[Start of Attachment]

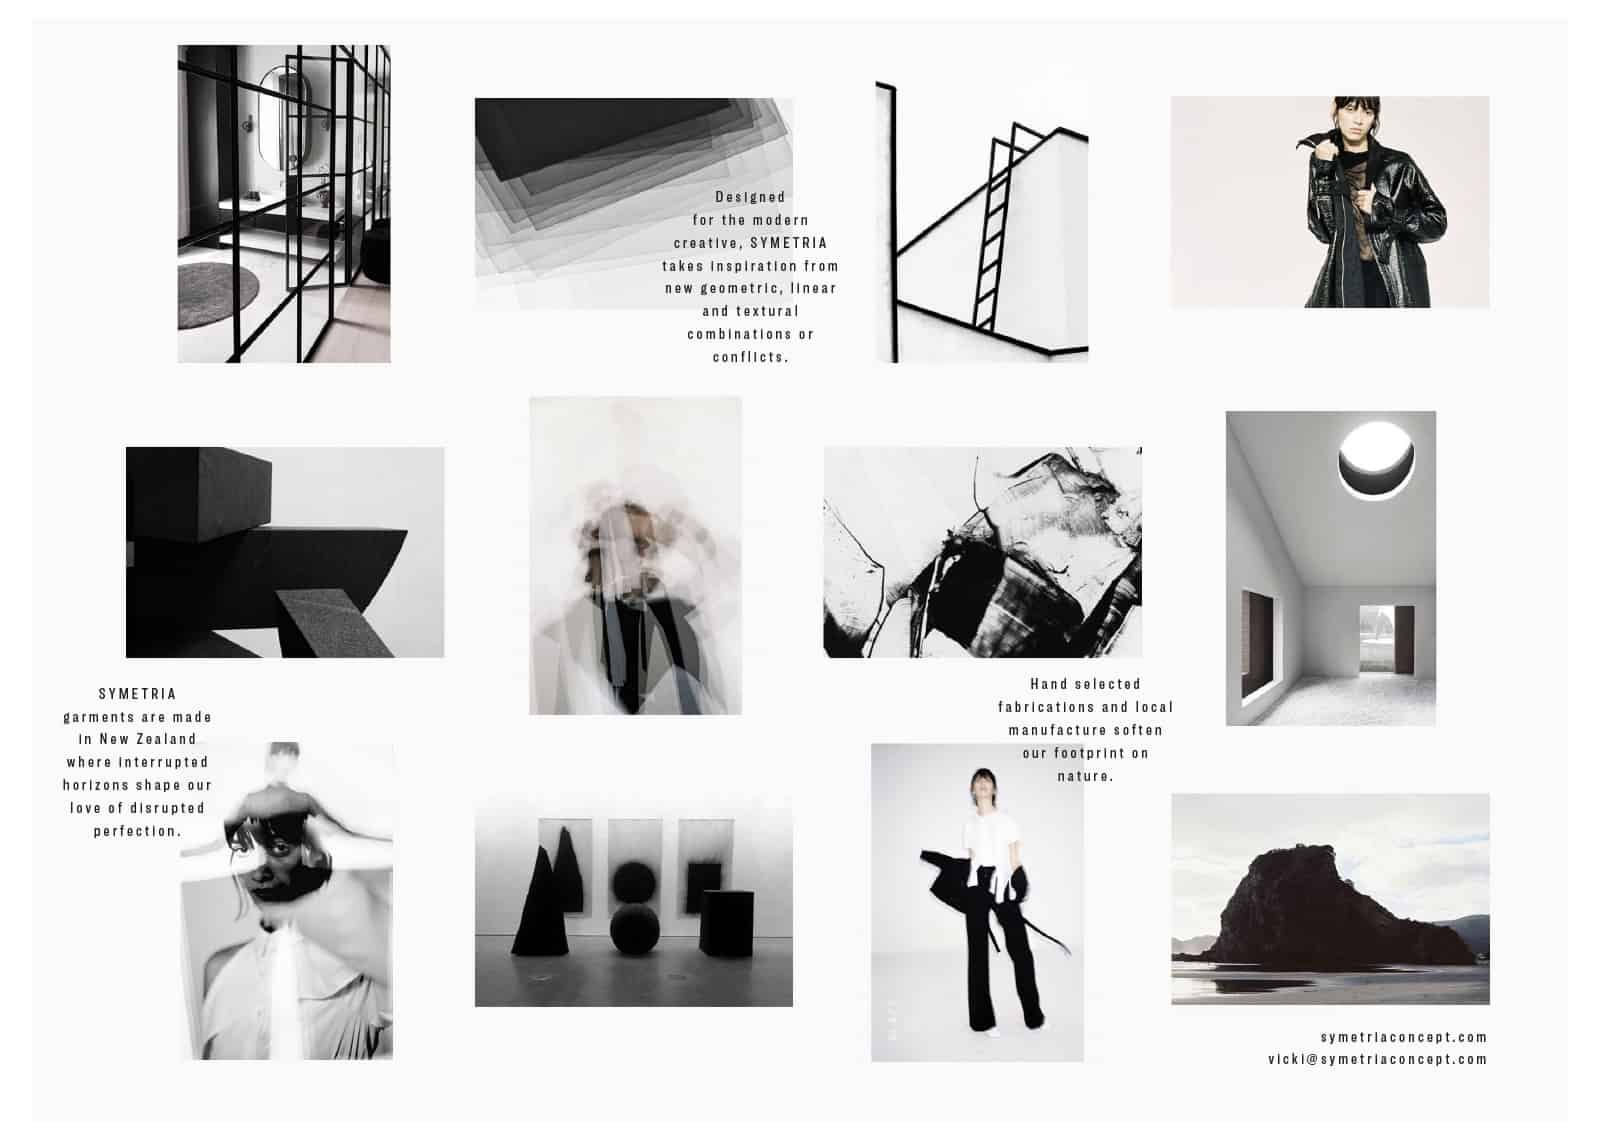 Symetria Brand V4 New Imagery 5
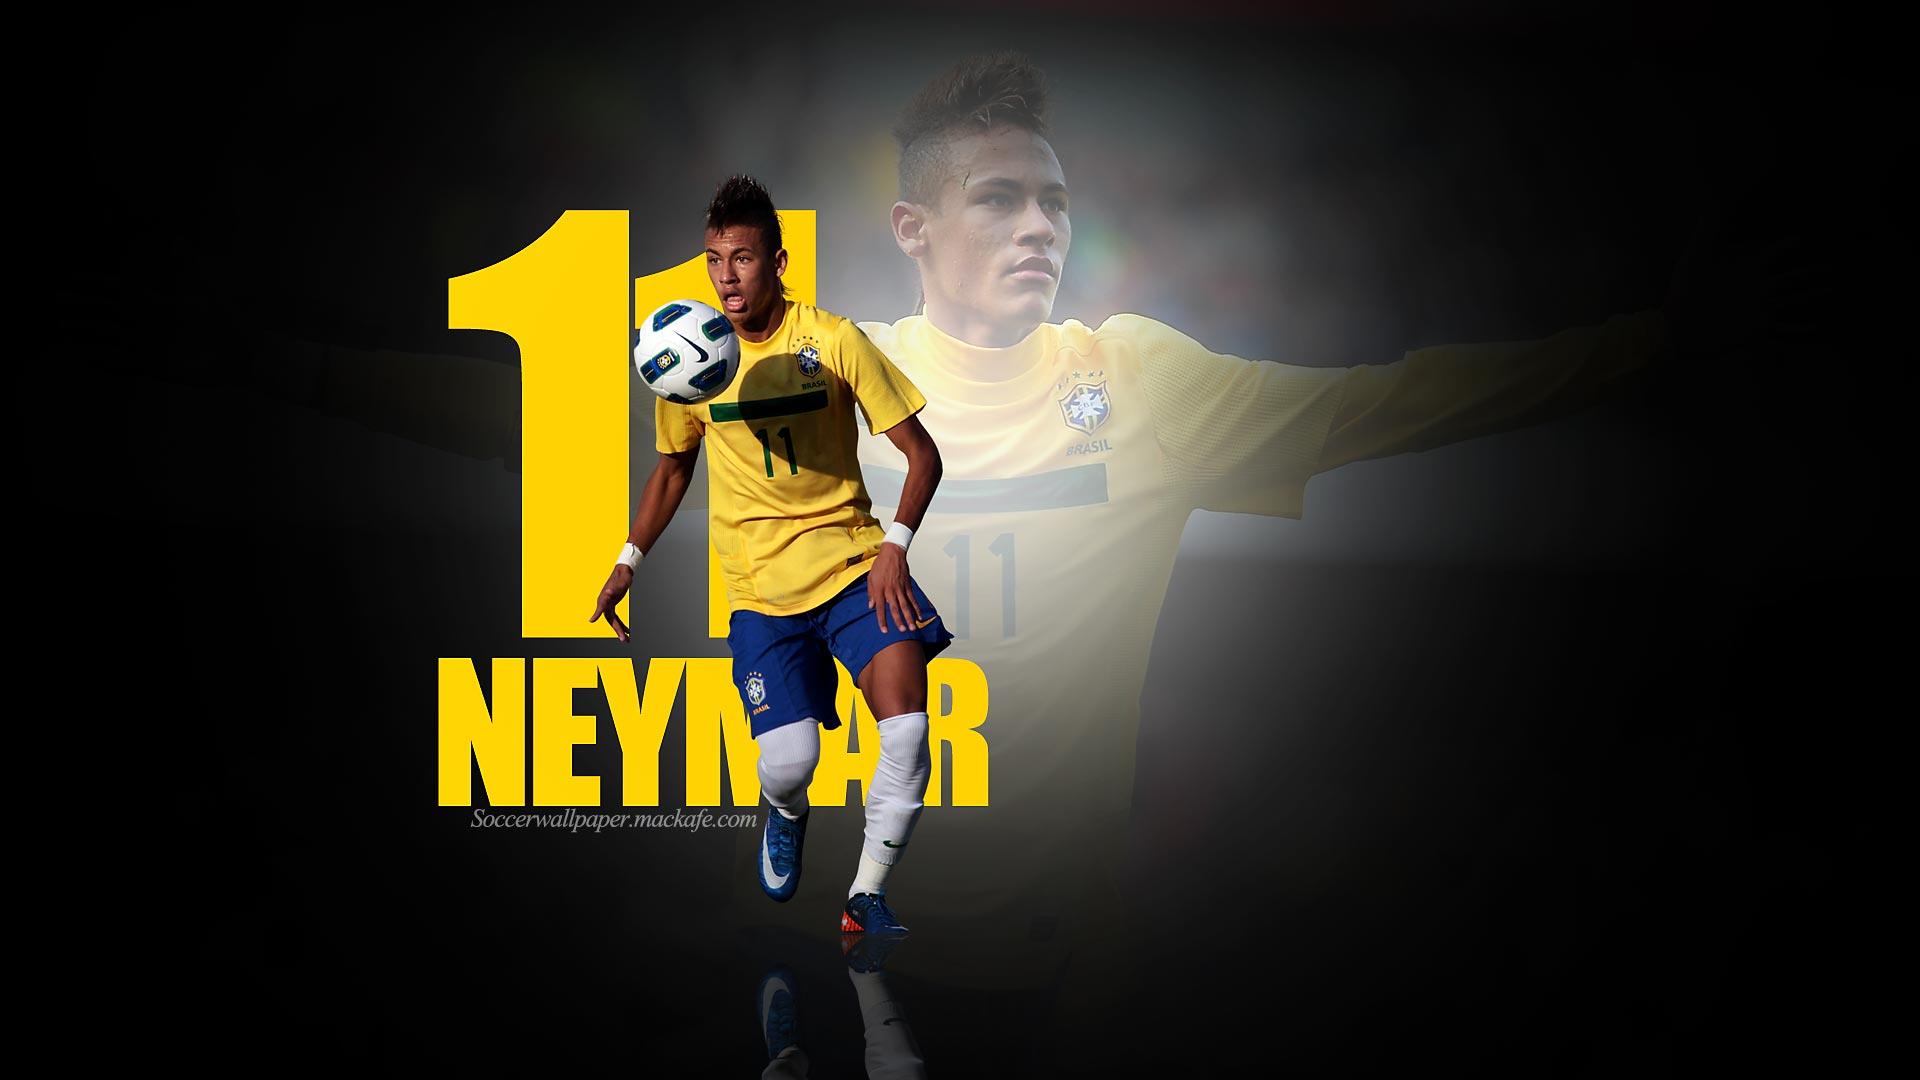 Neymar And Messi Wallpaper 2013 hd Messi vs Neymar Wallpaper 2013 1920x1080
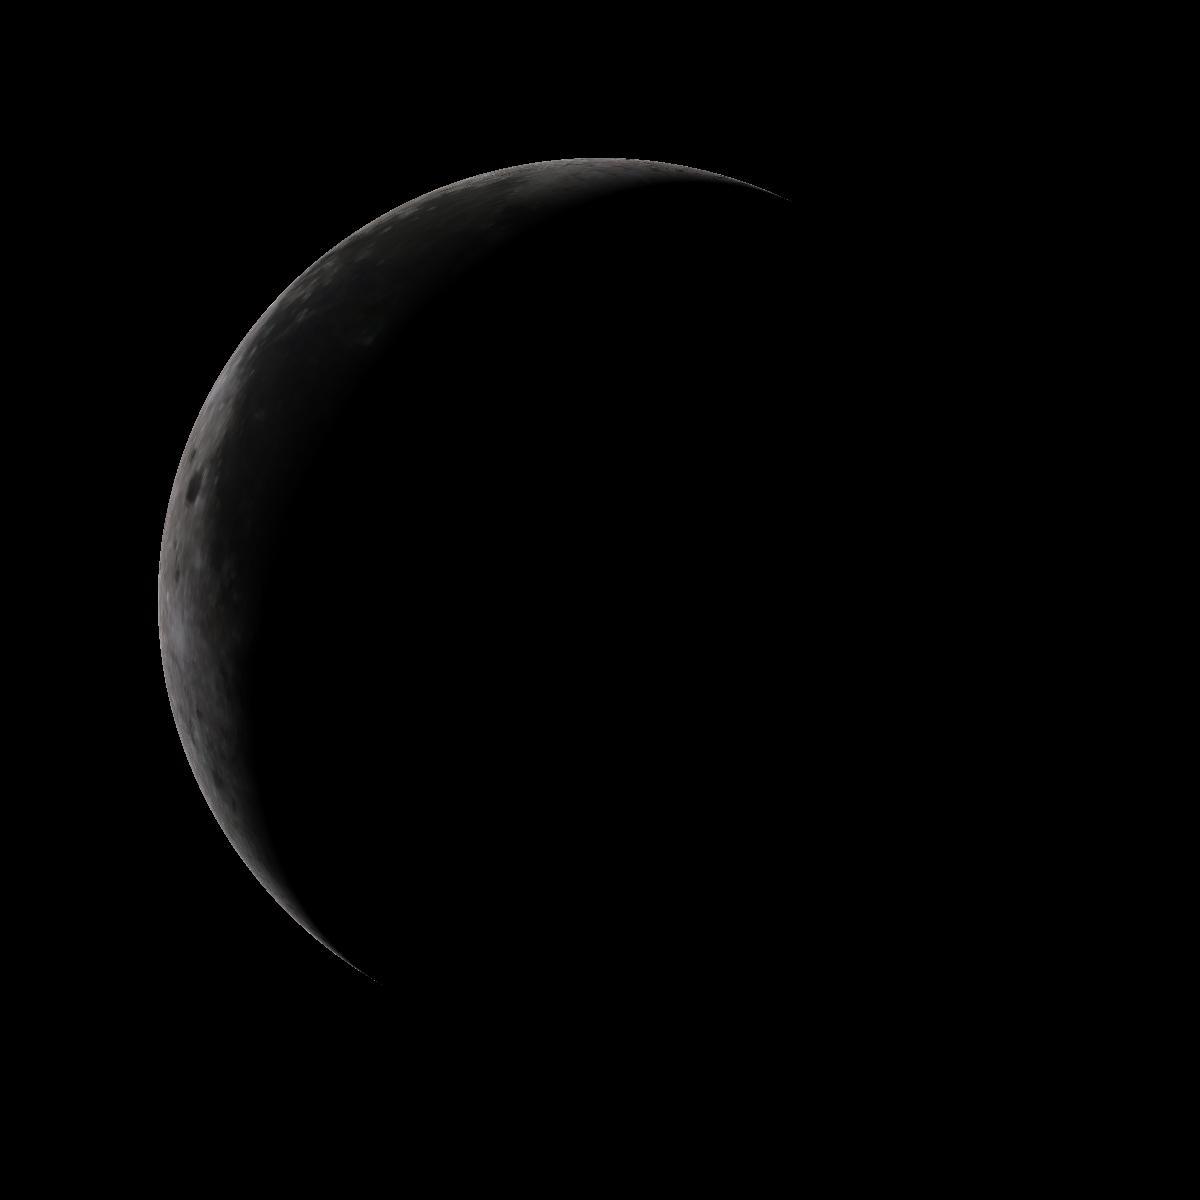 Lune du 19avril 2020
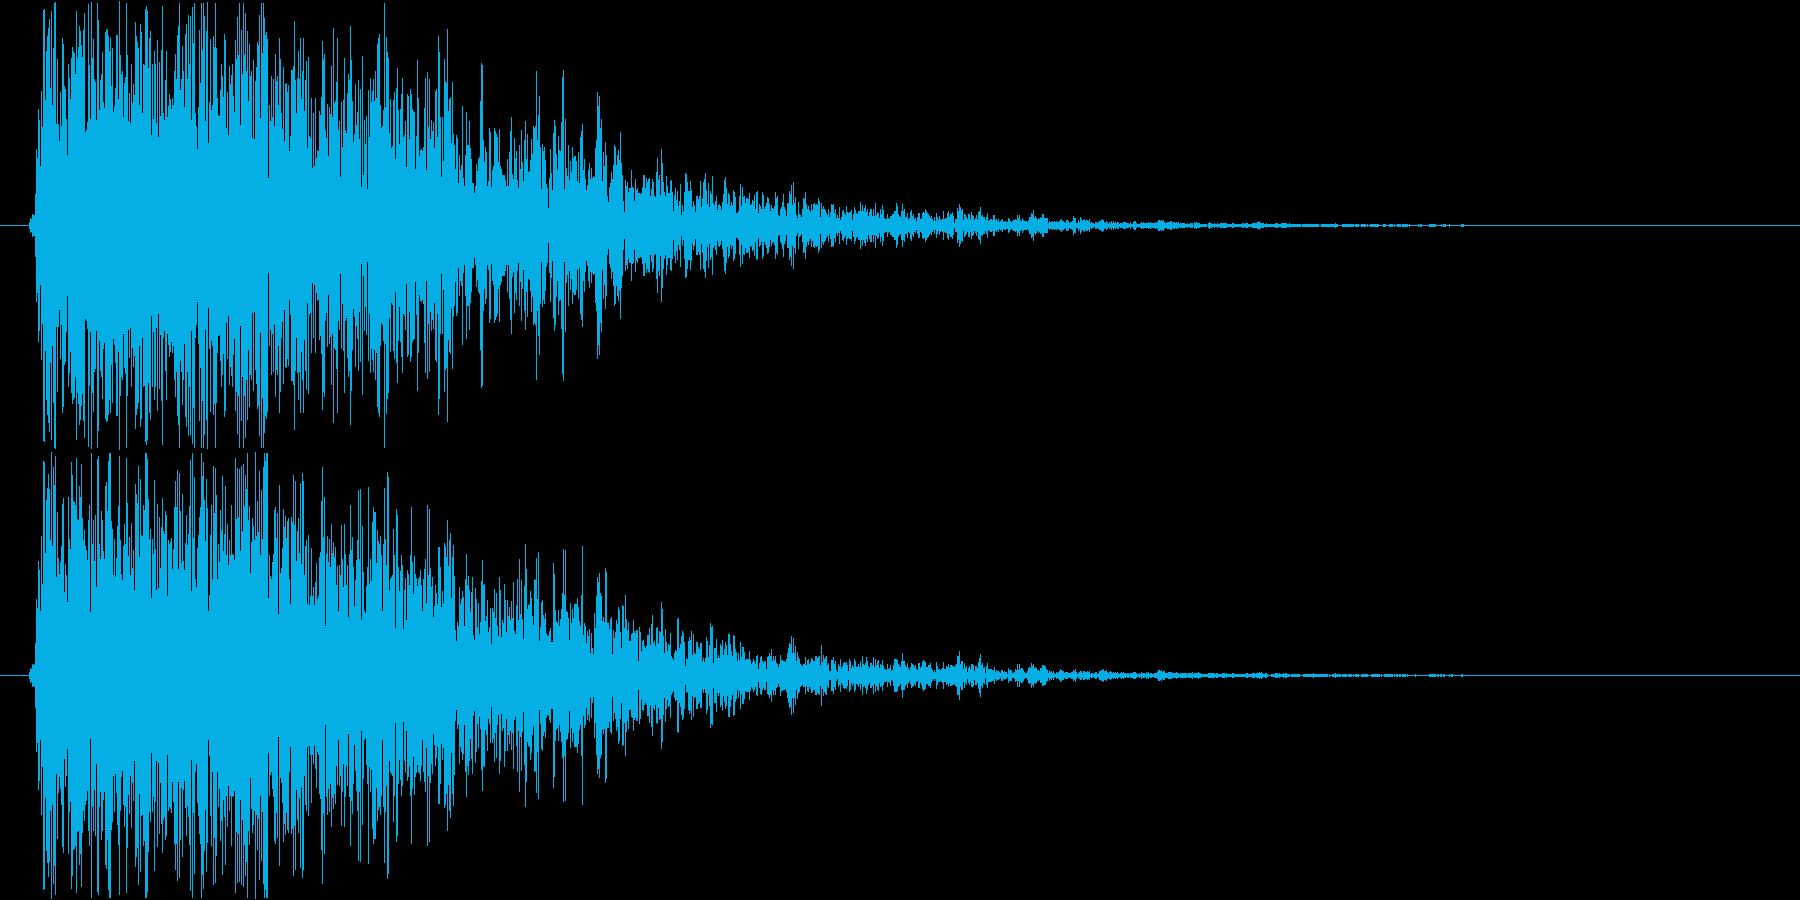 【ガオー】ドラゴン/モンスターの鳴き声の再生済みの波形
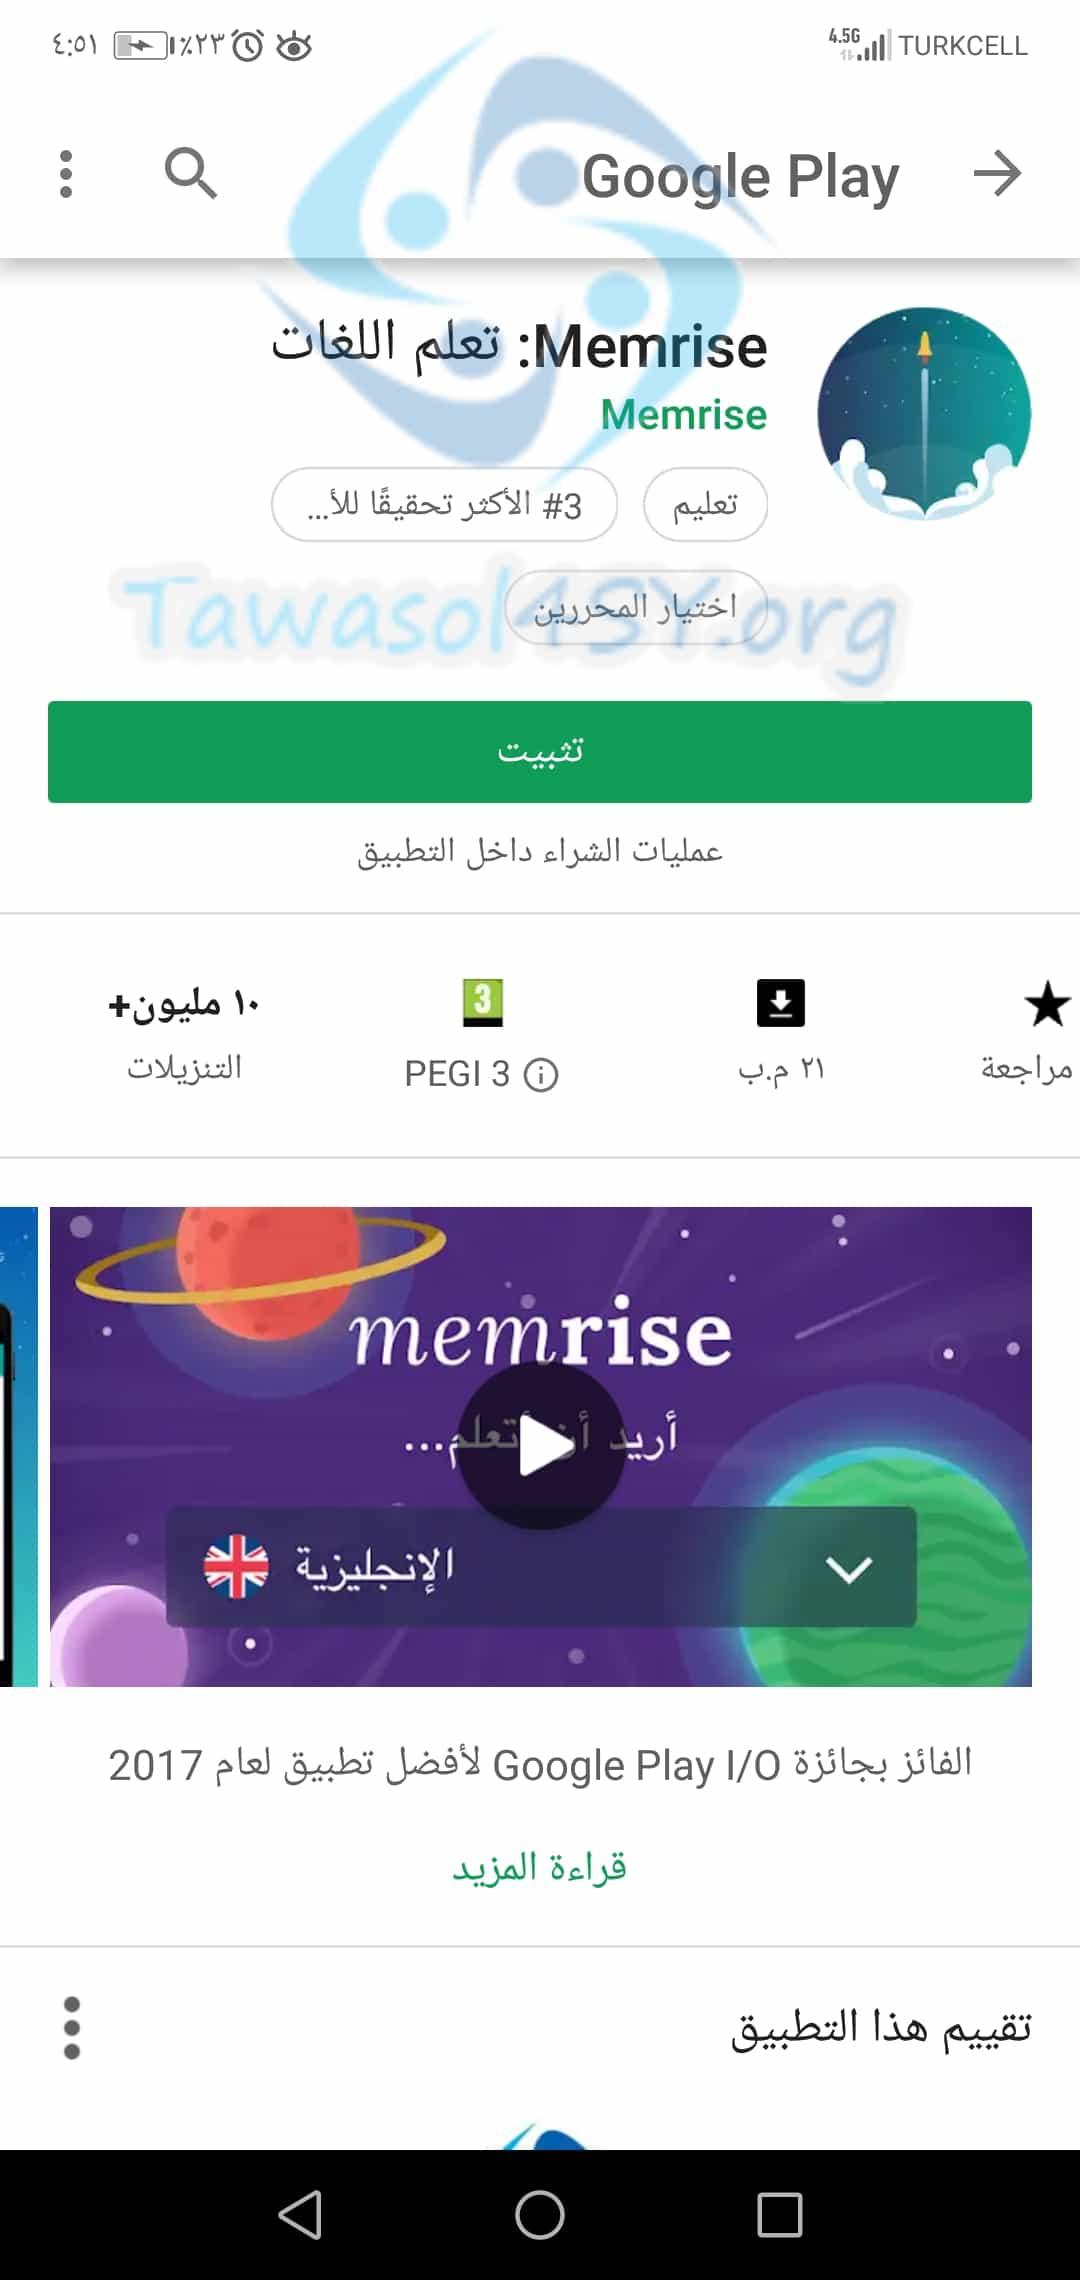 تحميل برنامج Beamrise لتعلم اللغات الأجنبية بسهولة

[End of Attachment]

Reprint the whole listing verbatim except for the pictures.

Result:
 Symetria Brand V4 New Imagery 5
 Neymar And Messi Wallpaper 2013 hd Messi vs Neymar Wallpaper 2013 1920x1080
 Lune du 19avril 2020
 【ガオー】ドラゴン/モンスターの鳴き声の再生済みの波形
 تحميل برنامج Beamrise لتعلم اللغات الأجنبية بسهولة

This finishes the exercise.